§ **PROBLEM TO WORK ON**: What is needed is a word-for-word copy of the listing below, without pictures.

§ **THE DATA**:
# # # #
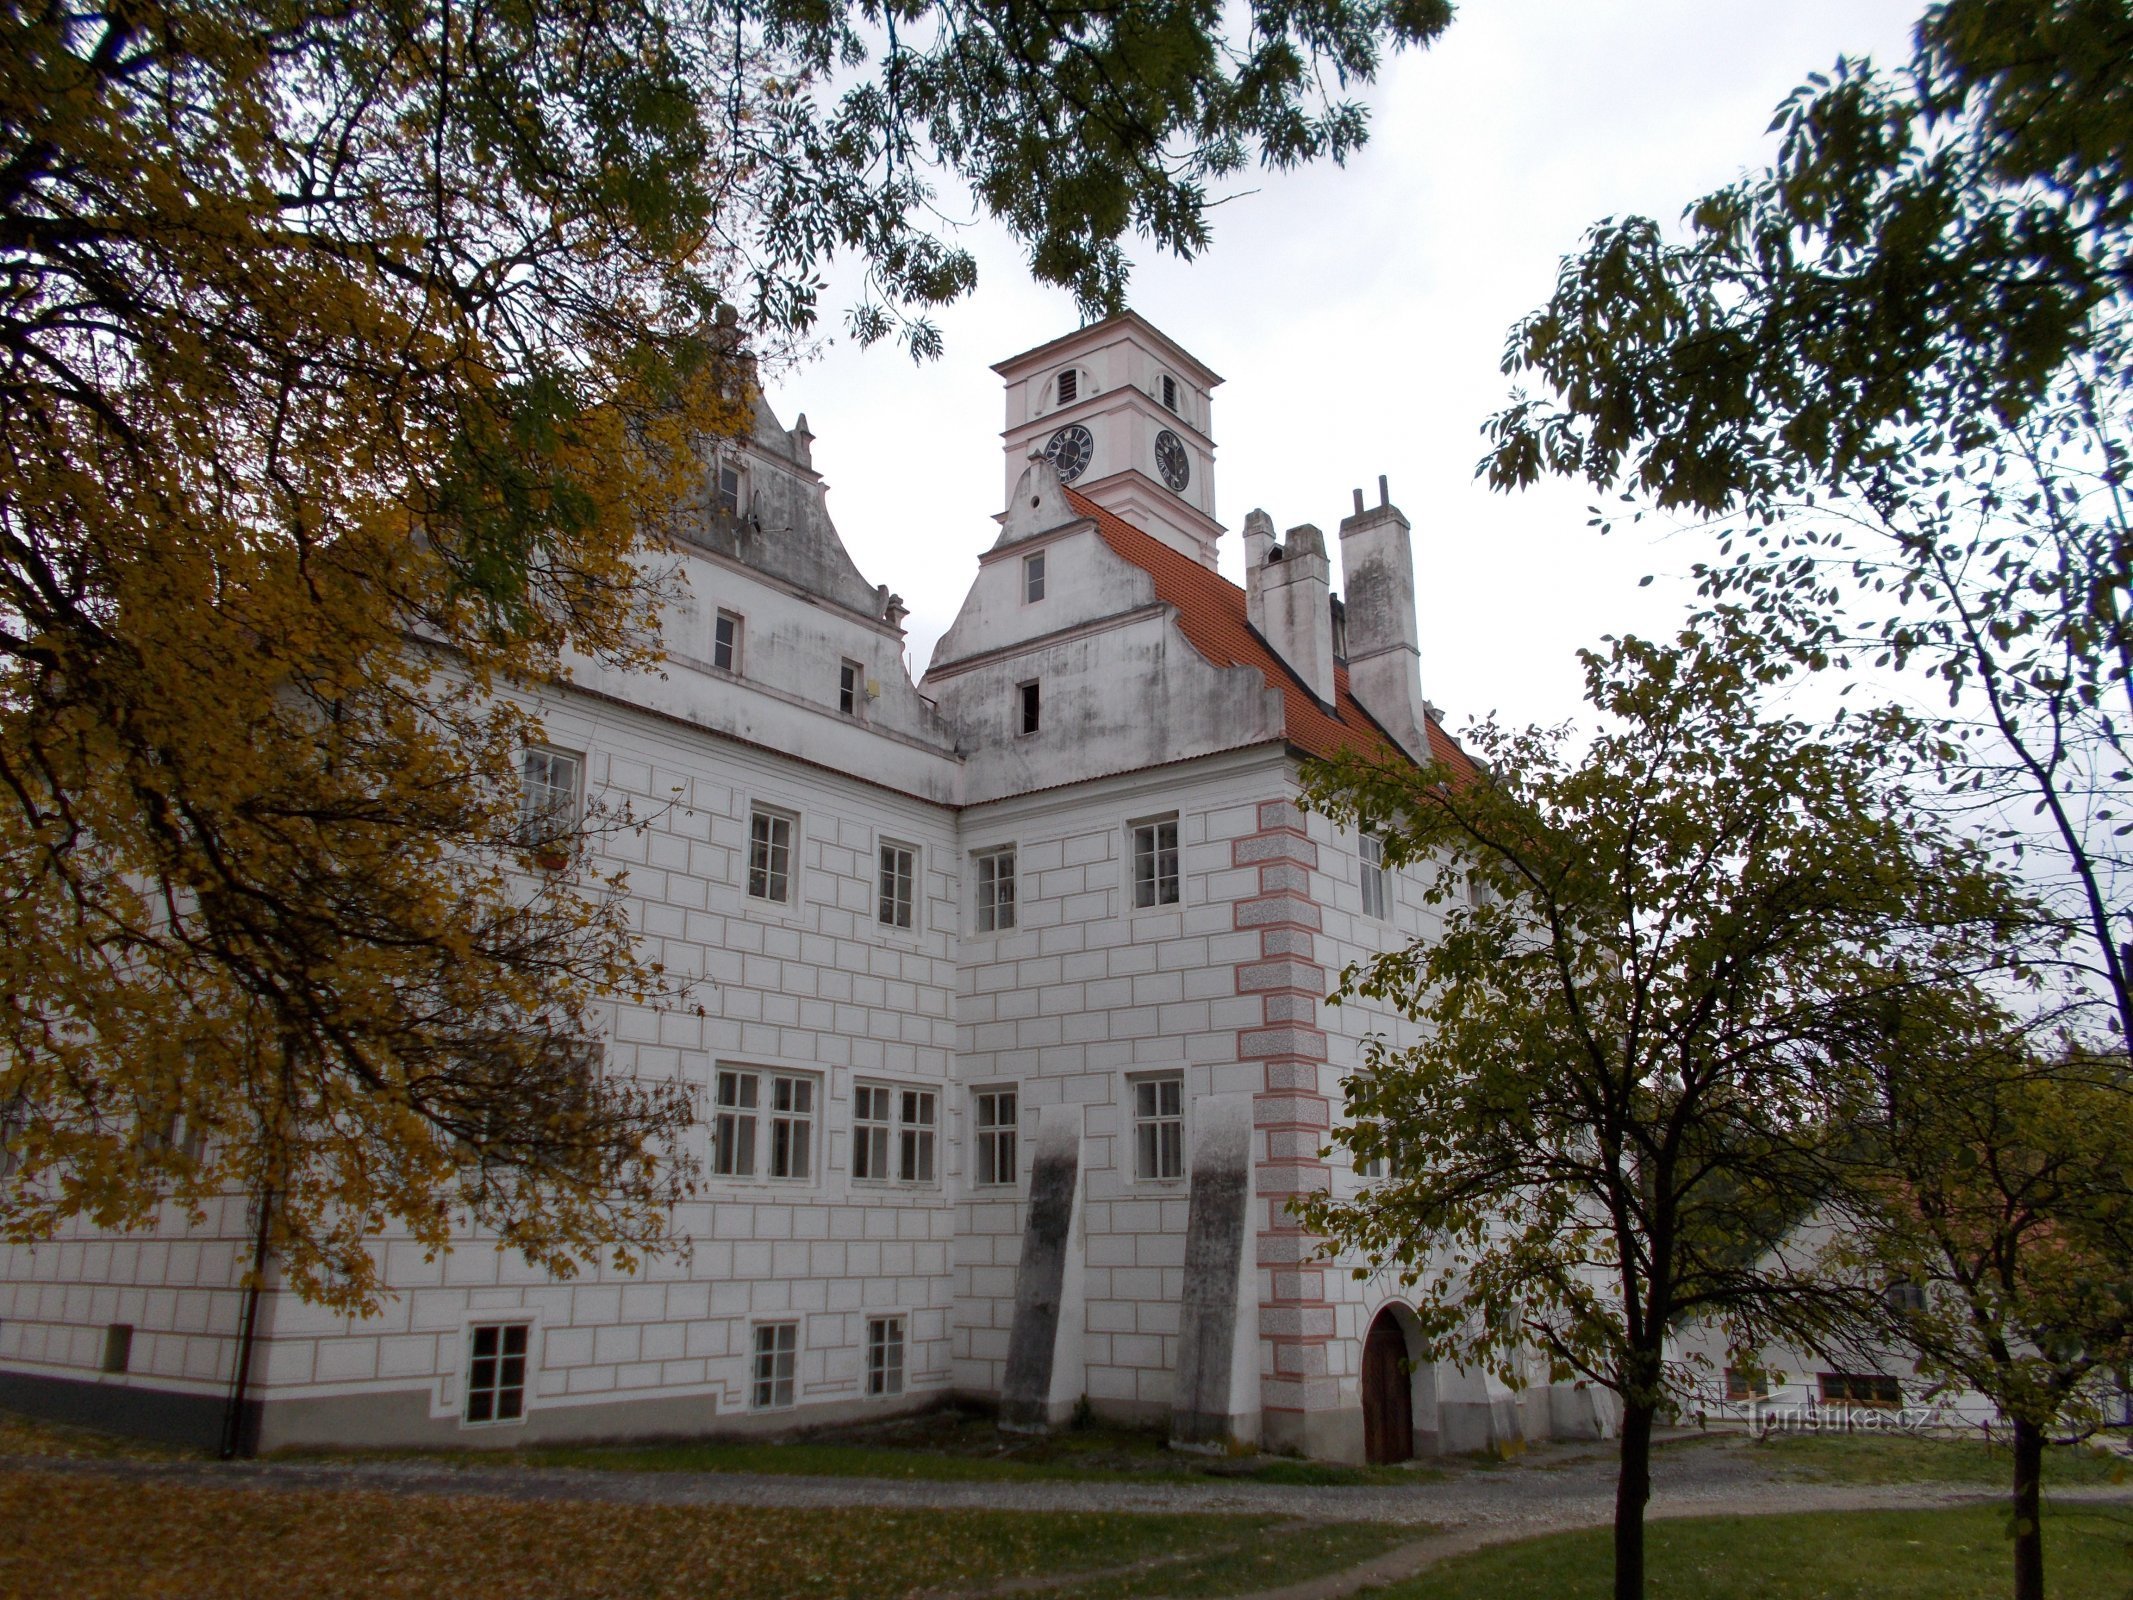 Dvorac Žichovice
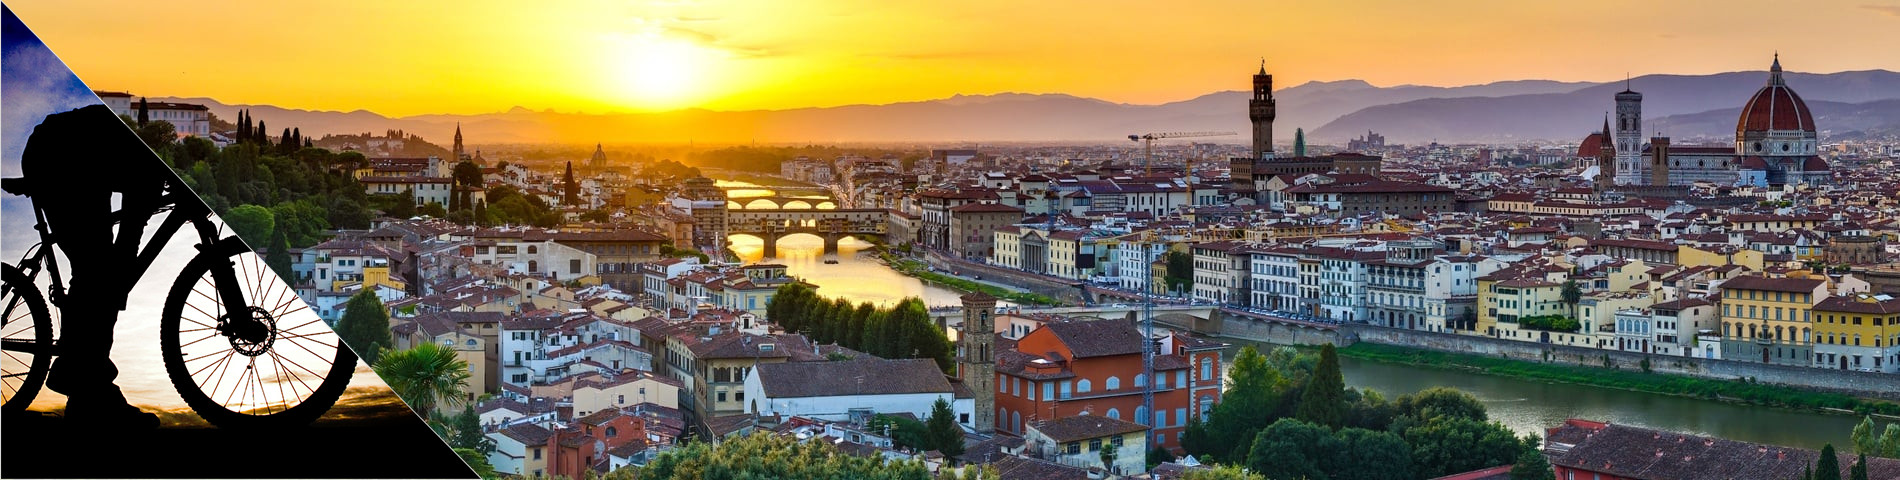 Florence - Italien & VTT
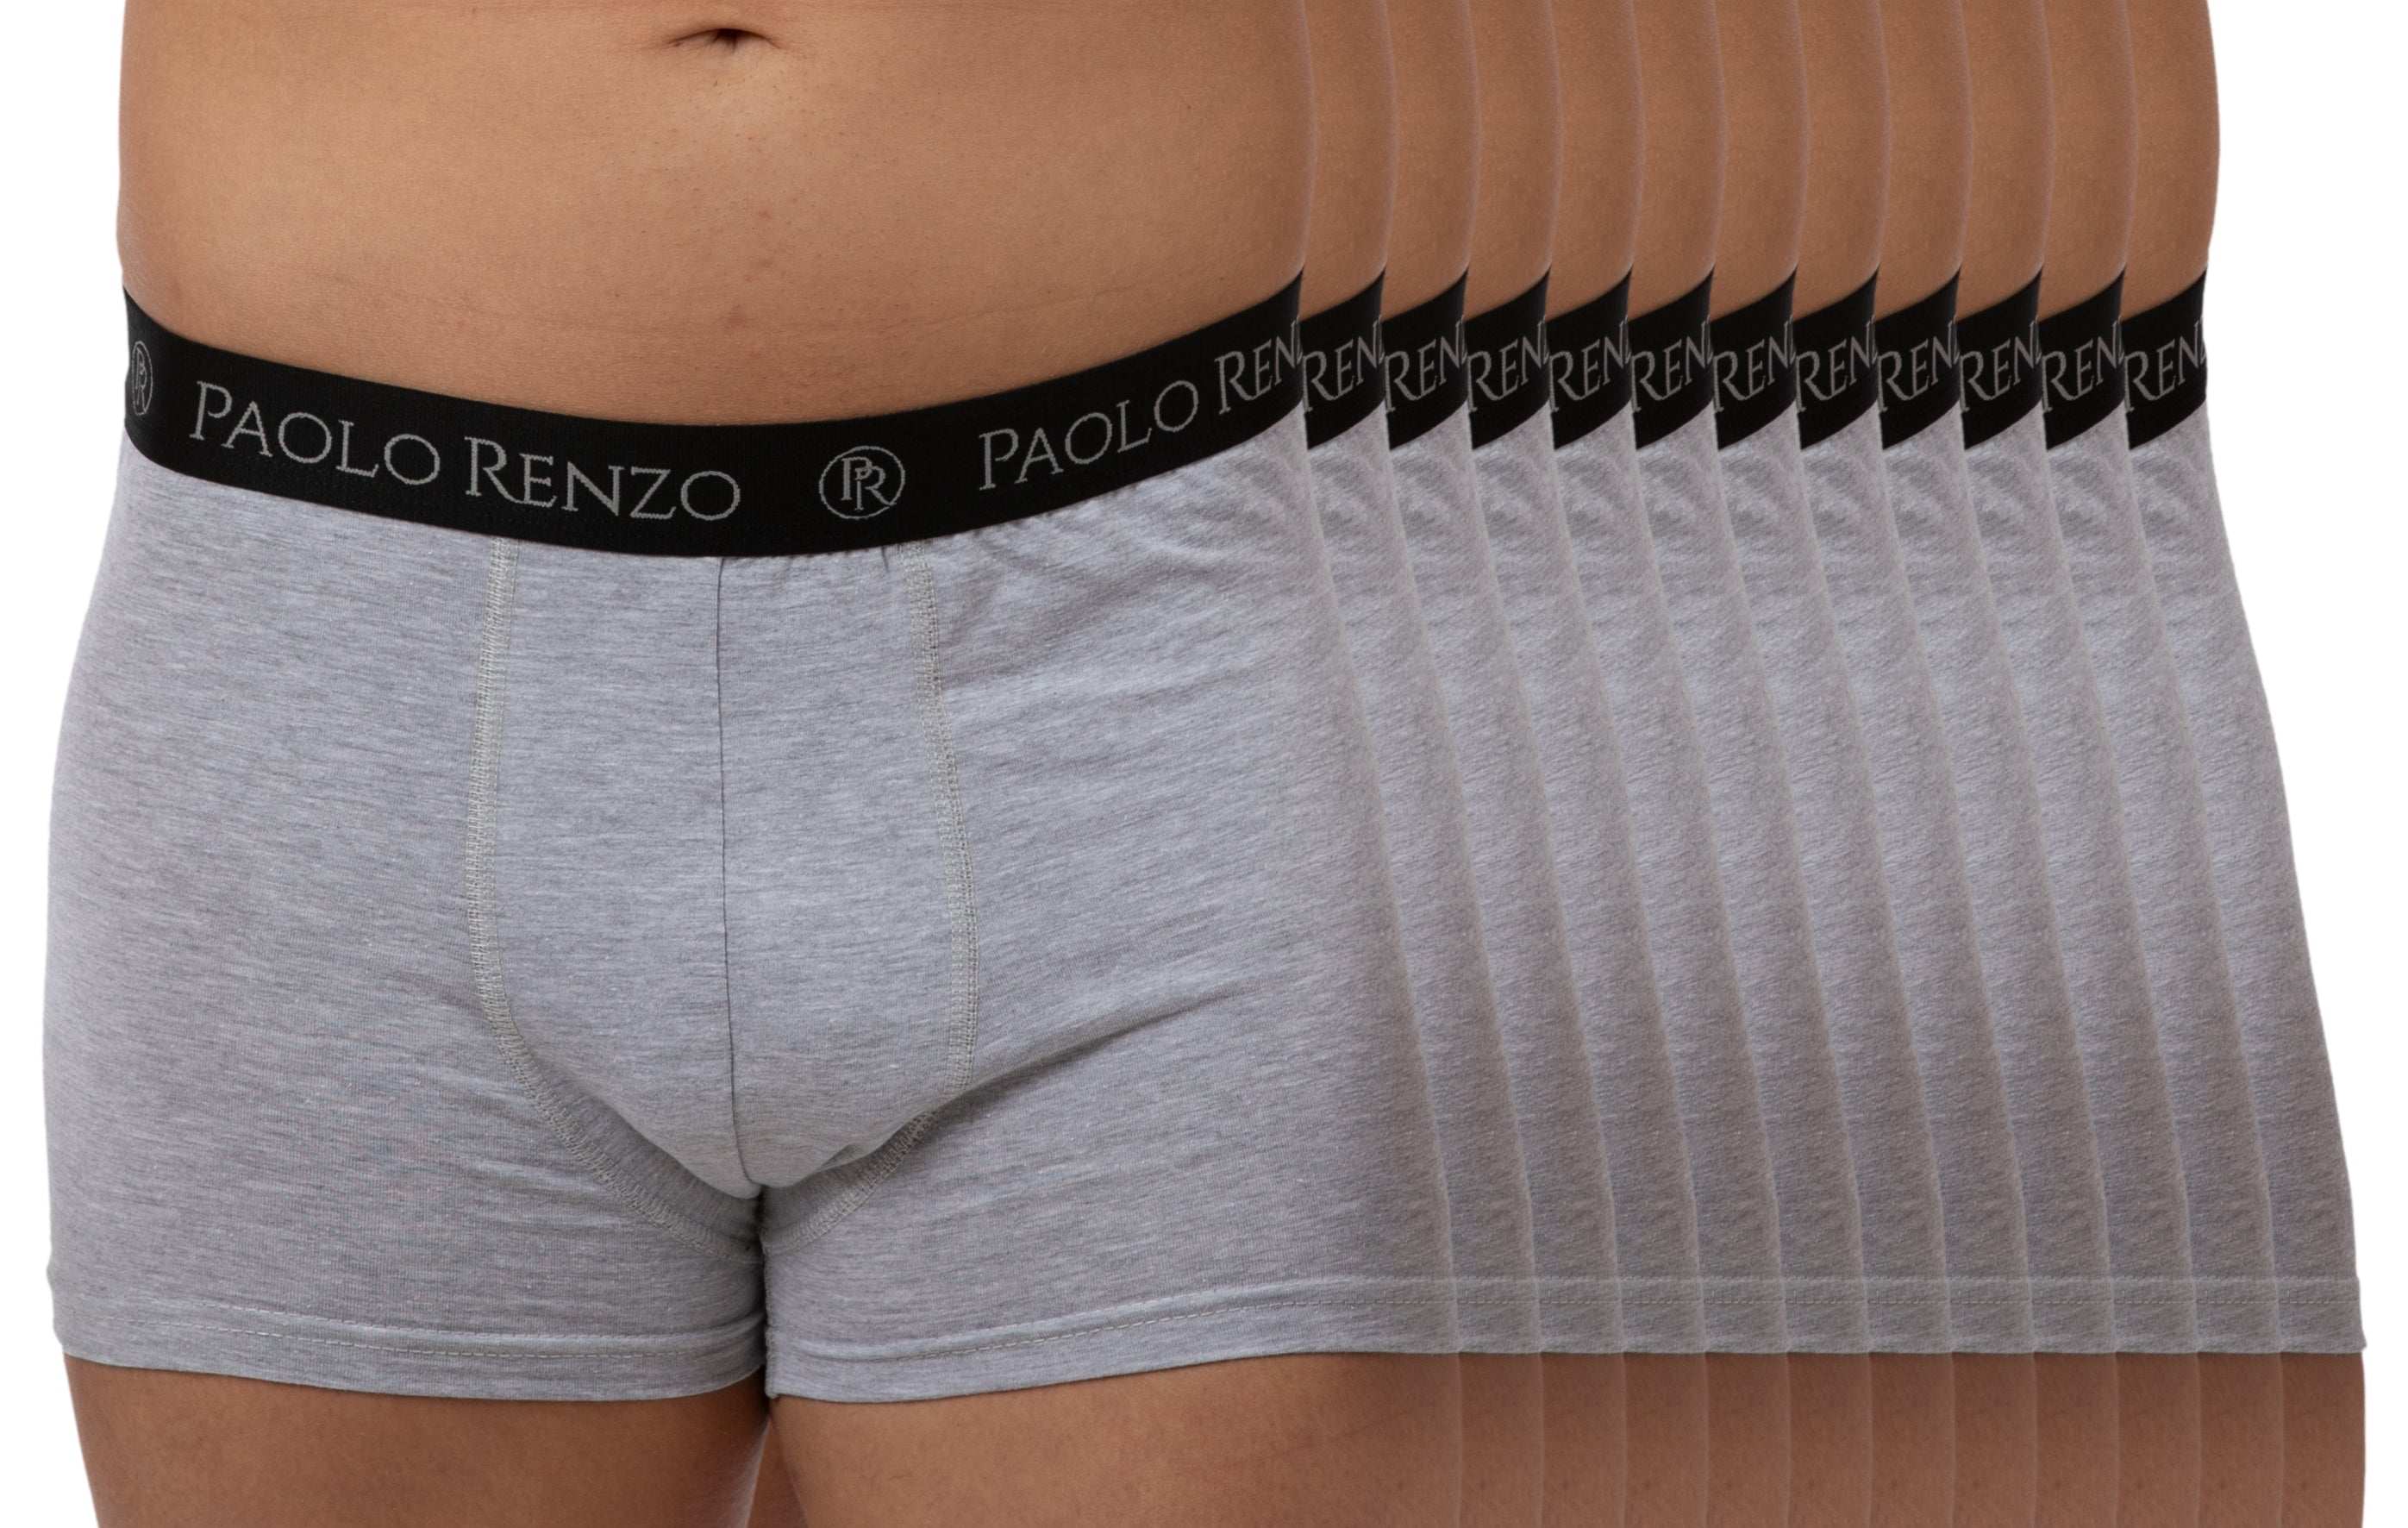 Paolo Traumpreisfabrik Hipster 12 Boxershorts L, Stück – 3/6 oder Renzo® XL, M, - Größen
# # # #
§ **TASK SOLUTION**:
 Dvorac Žichovice
 Florence - Italien & VTT
 Paolo Traumpreisfabrik Hipster 12 Boxershorts L, Stück – 3/6 oder Renzo® XL, M, - Größen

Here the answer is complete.